Posted by John Beech on October 2, 2010

Manchester City’s financial results, published earlier this week (1), were generally reported uncritically earlier this week, notwithstanding the key loss of £121m, with the exception at least of The Sun (2), where there was some attempt to look beyond the positive headlining provided by the club.

According to the club, the financial highlights could be summarised in large font size thus:

We have reported revenues in excess of £100m with a 44% rise in turnover to £125.1m…
Corporate partnership revenue increasing by £25.9m to £32.4m…
Ticket revenues increasing by £2.8m (18.6%) to £18.2m…
Season ticket revenues up by £0.9m to £9.6m…
Television rights fee income increasing by £5.7m (11.8%) to £54m…
Matchday hospitality revenue growing by 0.7m (13%) to £6.1m…
Retail sales and merchandising revenue increasing by £2.9m (60%) to £7.9m

Excellent news indeed, but then we find in much smaller font size that the club is report ing a net loss (and there was me beginning to think they had forgotten about costs) of £121.3m. Apparently “there have been significant increases in both player and non-player wage costs which have only been partially offset by substantial growth in the club’s commercial and other revenues

Or to put it another way, the club itself can’t afford the players but its benefactor can.  Search the report for the word ‘debts’ and you will be out of luck however.  Sheikh Mansour is following the Abramovich route and converting debts to equity, and on a scale that invites comparison with Chelsea:

The financial foundations upon which the Club operates have been strengthened with the conversion into equity of £304.9m in shareholder loans.  A further £135.8m of new equity was issued during the financial year and post year-end a further £53.2m of new equity was issued. As we continue to invest in all areas of the Club, we do so virtually debt free – with only £36m of long term commercial bank debt following the conversion of shareholder loans into equity during the year.

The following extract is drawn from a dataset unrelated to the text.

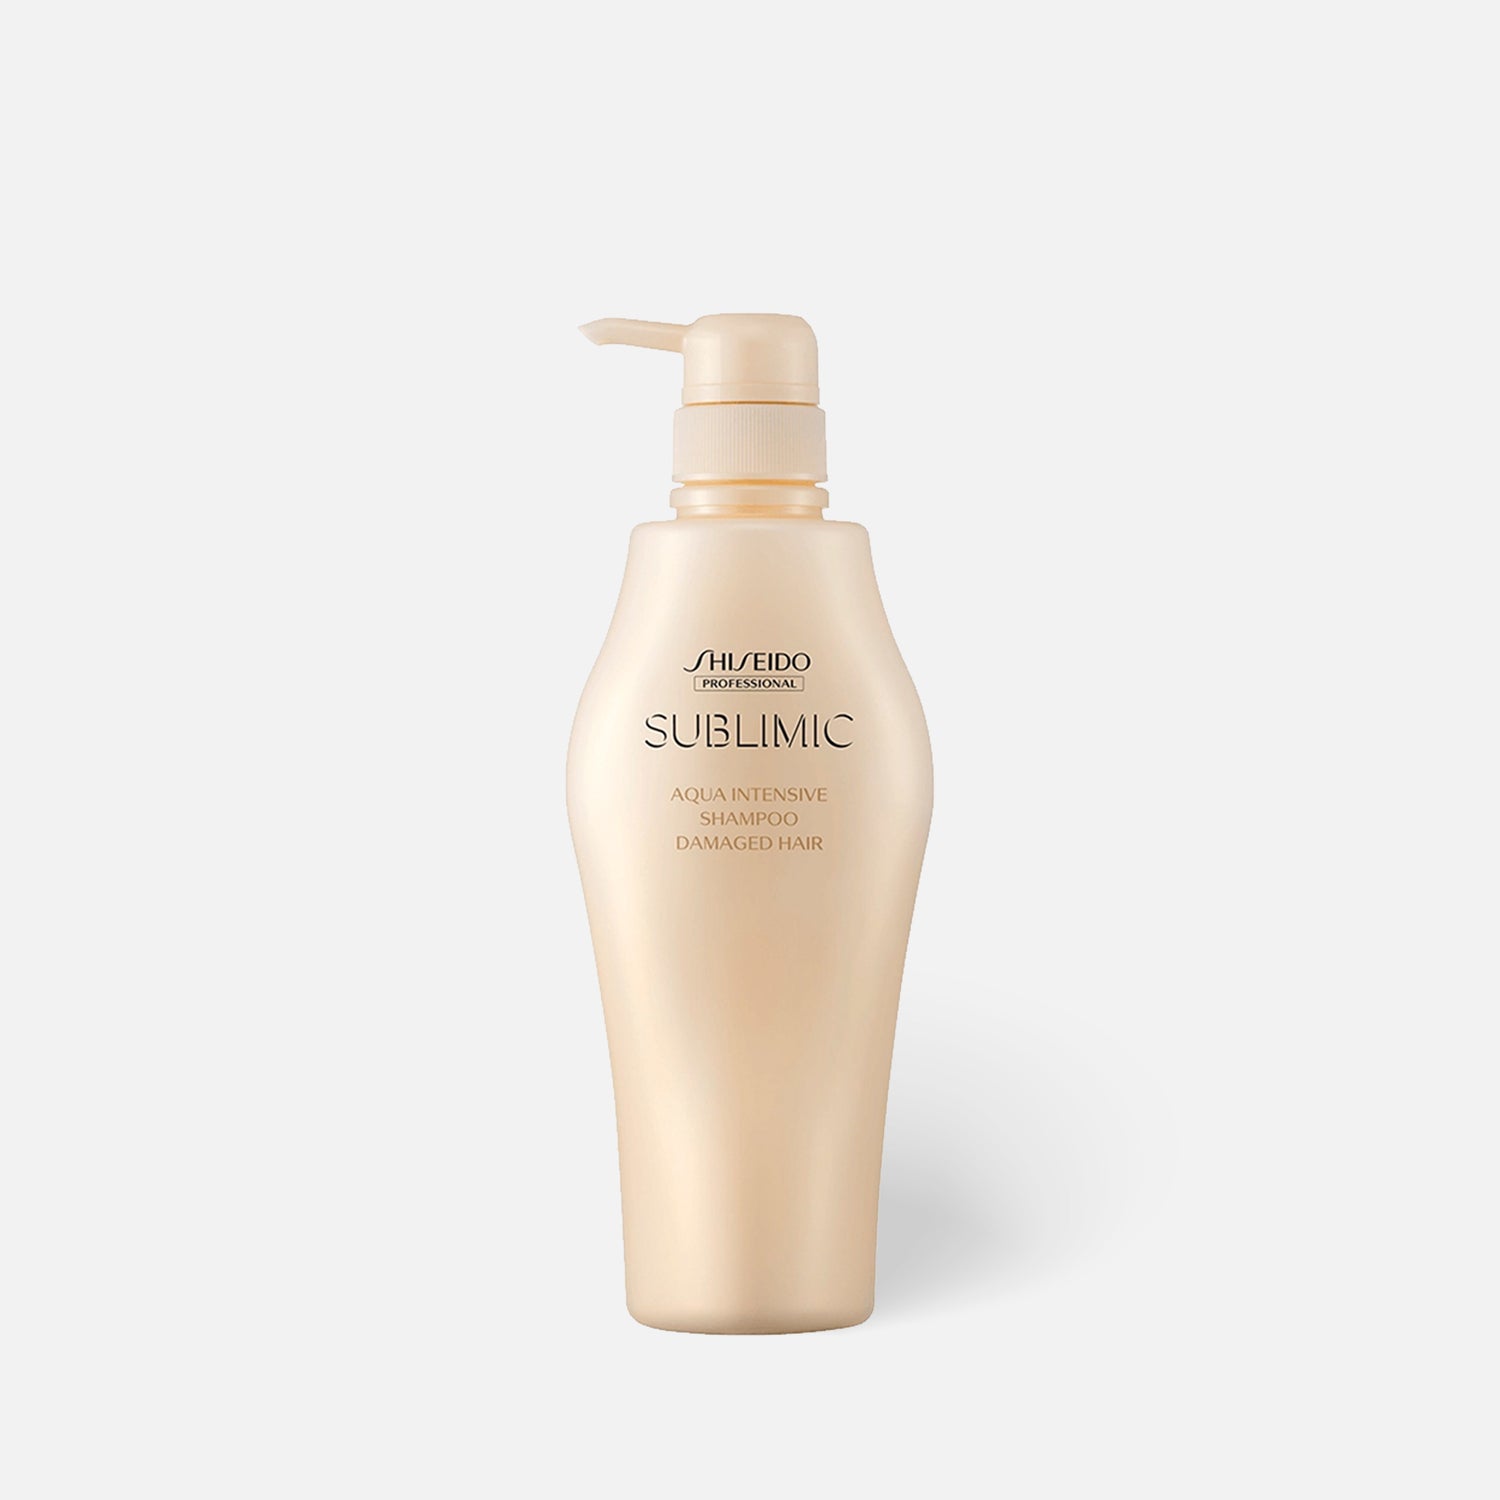 SHISEIDO Aqua Intensive Shampoo 500ml

So, there you have it – well over £400m injected with a loss of £100m.  Not quite so encouraging then.

In the smaller print financial data towards the back of the report we find that the aggregate payroll costs have risen from £82.6m to a rather worrying £133.3m – or, as the club like to present data, a rise of 61%.  Turnover had risen from £87m to £125m, meaning that the wages/revenues ratio had risen from 94.9% to 106.6%.

Which is where the reference to Portsmouth comes in.  Deloitte point out that for the Premier League clubs en masse the wages /revenues ratio has risen to a worrying 67% (3), but this rather hides the variance individual clubs have.  Here are the ratios over five seasons:

04/05 05/06 06/07 07/08 08/09

5 seasons’
Average

Ratio for
whole
5 seasons

Manchester Utd. 48.3 50.9 43.5 47.1 44.2 46.8 46.4
Tottenham 47.0 54.8 42.5 46.7 55.4 49.3 49.2
Arsenal 57.4 62.4 50.5 48.4 46.4 53.0 51.7
Liverpool 52.5 56.6 57.9 55.1 58.0 56.0 56.2
Bolton 47.9 52.1 60.2 66.1 68.9 59.0 59.4
Everton 51.4 63.6 74.7 58.8 61.6 62.0 61.5
Middlesbrough 55.7 n/a 79.6 72.5 58.7 66.6 66.0
Sunderland 64.0 44.1 90.1 58.3 76.7 66.6 65.6
West Bromwich 57.4 57.3 73.4 79.9 65.4 66.7 65.4
Manchester City 61.9 55.6 63.9 65.9 94.9 68.4 70.3
Newcastle Utd. 57.7 62.8 65.1 78.6 85.2 69.9 70.2
West Ham Utd. 63.7 51.9 75.8 79.7 91.1 72.4 74.7
Aston Villa 64.2 78.1 81.9 66.7 83.7 74.9 75.2
Chelsea 73.1 74.6 69.7 80.6 80.1 75.6 76.0
Hull City 57.3 61.7 76.7 129.0 65.8 78.1 74.0
Fulham 85.8 80.4 88.6 73.3 69.0 79.4 77.9
Blackburn 75.8 76.9 84.8 70.3 90.6 79.7 79.5
Stoke City 65.2 88.6 88.1 105.9 55.6 80.7 68.6
Portsmouth 69.5 66.0 89.6 76.4 108.8 82.1 83.9
Wigan Athletic 208.3 58.3 100.3 88.3 89.9 109.0 87.5

[Developed from data in Appendix 7 of Deloitte (2010); annual values of over 100% highlighted]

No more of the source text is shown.